Photograph
Daniel Kluver

about

blog

research

CV


contact

email

twitter

Learning to Learn to Rank

Learning to rank algorithms

Traditional machine learning thinking tends to focus on the regression and classification tasks. In the recommendation domain, this would be the predict task: given one user and one item, tell me what that user will think of that item. This task is great and has led to great leaps in our ability to automatically support users, but it doesn't match how we ultimately use the algorithms. Most systems (search engines, recommender systems, etc.) don't actually care about the one user, one item task. Most systems use the predict task as a stepping stone to allow them to rank items, to make recommendations or search results.

Learning to rank is a (relatively, like last 10 years) new idea in machine learning. Learning to rank approaches try to sidestep using prediction as a stepping stone to make good recommendations and instead optimize a model for its quality as a ranking function. By forsaking the "one item, one user" mindset researchers can create new ways to optimize models that directly (or at least approximately) optimize ranking quality metrics. While no longer capable of making predictions, these algorithms have shown significant improvements against recommendation quality metrics in the recommender system field in the last few years.

Learning to learn to rank

Learning about learning to rank algorithms was an interesting experience. It had been a while since I had to learn a truly new algorithm, and I had this expectation in my mind that learning to rank algorithms would be some unassailable fortress, foreign from all algorithms I have previously known. I was, fortunately, mistaken. There are a few learning to rank algorithms that are quite different from the recommender algorithms I'm used to, but as a whole I was surprised to find that most learning to rank algorithms, once built, are equivalent to traditional models.

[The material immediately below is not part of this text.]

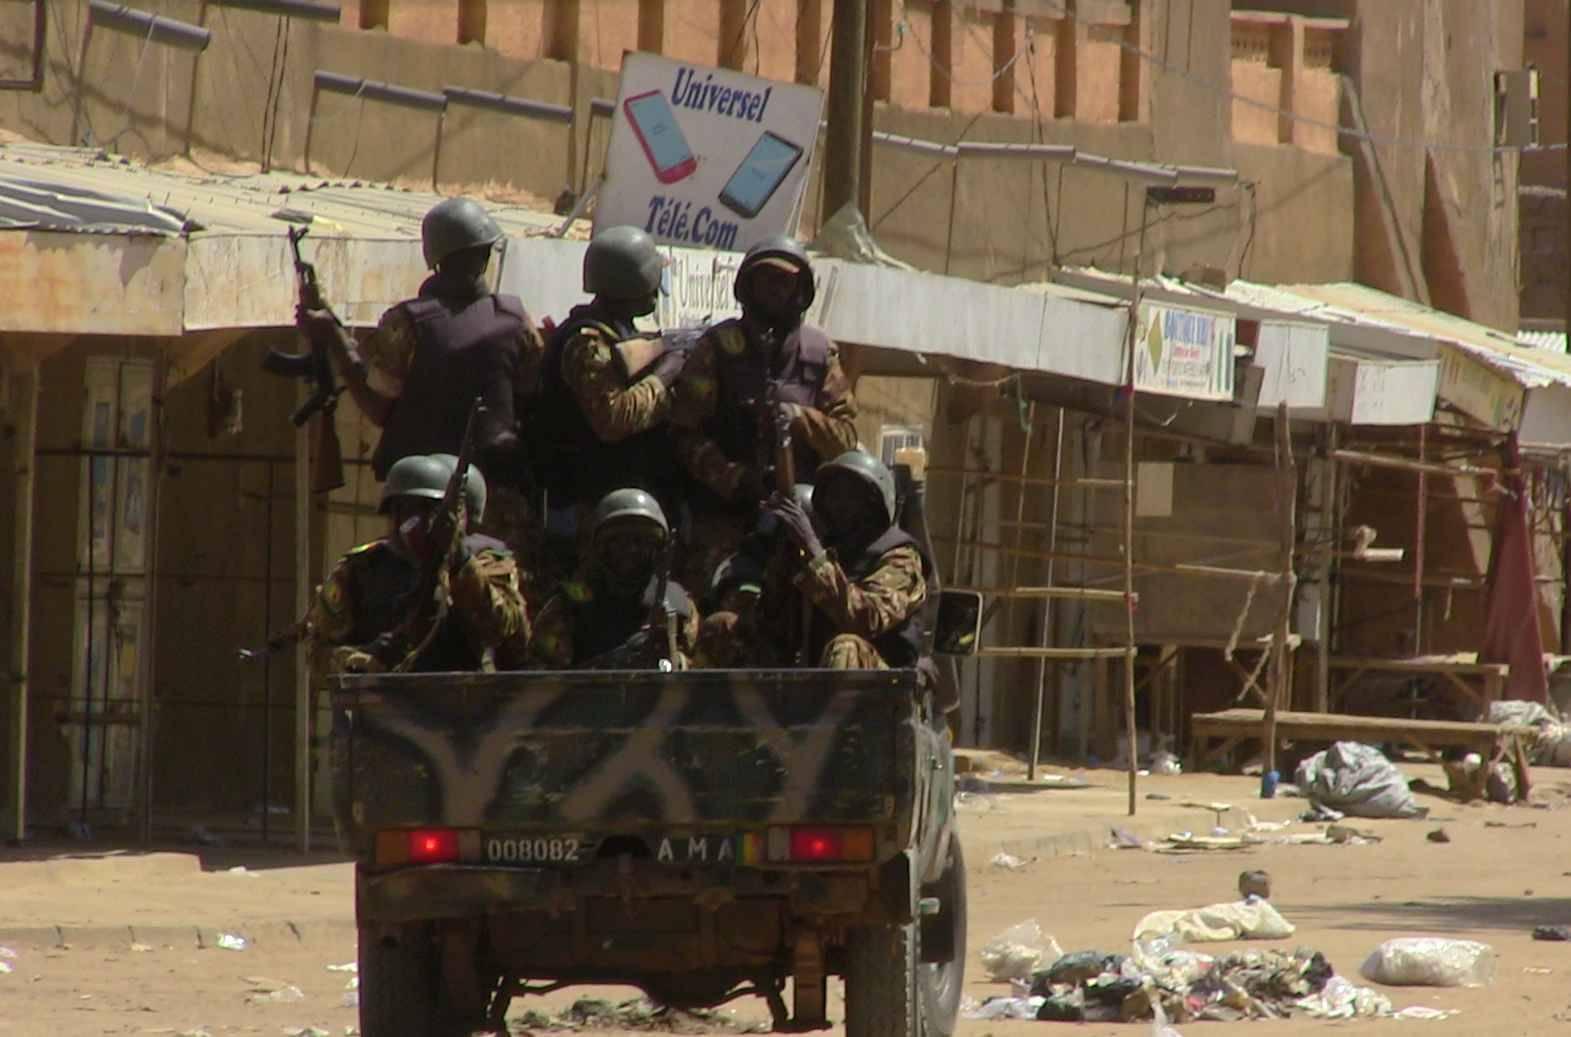 L'armée reprend Boni des mains des djihadistes - Septembre 04, 2016 2048x1536-fit_soldats-maliens-gao-12-juillet-2016

That last statement requires some pulling apart. How can a model focused on recommendation be equivalent to one focused on predictions? Arn't learning to rank algorithms different and new?

well... yes and no.

Looking at almost every learning to rank recommender algorithms I know of, I find that the core labor of algorithm development has not been designing a new model (new arrangements of variables) instead the work has been focused on designing new metrics.

The problem with ranking metrics is that they look at, well, ranking. Ranking tasks are inherently non-linear, non discreet, non continuous. There is no easy "smooth optimization" for metrics like mean reciprocal rank, which are in no meaningful way smooth. Therefore the real work of learning to rank is building metrics and evaluations that are smooth, but are still tied to real ranking functions. This can be done by finding upper or lower bounds, or by simplifying the function with a smooth approximation.

Once found, these new smooth error metrics can be used as a loss function for optimizing any standard model. In the recommender system domain this normally means we see a metric looking at, say the area under the ROC curve metric, which we use to optimize a standard matrix factorization model. When implementing these algorithms all you need is a new tool for training the model. This tool may be different than other model trainers, as the definition of one "training sample" will be different, but once built the model can be used in the same recommendation logic you were already using.

I found all this quite surprising. In some ways I was expecting more. Maybe my expectations were screwed up, or maybe its just been too long since I bothered to learn a new algorithm. Do other people find "new and different" algorithms a little intimidating?

The next step

Learning to rank algorithms are cool, and I'm looking forward to seeing these approaches explored more in the coming years. However, I'm also looking forward to the big thing after that. My biggest takeaway from learning to rank is that if we have a metric, we can optimize it. Give a human a number that they can manipulate, and convince them it should be bigger and they will make that number go up. So why stop at ranking? I want to see learning to recommend.

Recommendation and ranking are two very similar tasks. If you can't accurately predict that a user will like on item better than another, or that one item should be at the front of a list instead of another, then recommendation is impossible. Simply ranking, however, isn't the same as recommendation; Its necessary, but not sufficient. An example: we know from past work that properties like the diversity of the recommendation matters to user satisfaction. We can measure diversity (many ways), we can manipulate diversity (many ways), and we have some ideas about how diversity relates to satisfaction. Current learning to rank recommender algorithms make no account of the diversity of their recommendations. Furthermore, I don't see how to account for diversity in a deep way in these algorithms and metrics.

What I want to see is learning to recommend algorithms, that optimize directly (well, approximately, through well founded proxies I suppose) the system's users' satisfaction with the recommendations, or the amount of support the recommendations actually offer the user. These algorithms will need to grow off of the learning to rank algorithms, but go further to account for properties like diversity. I think we can do it; I think it will be cool.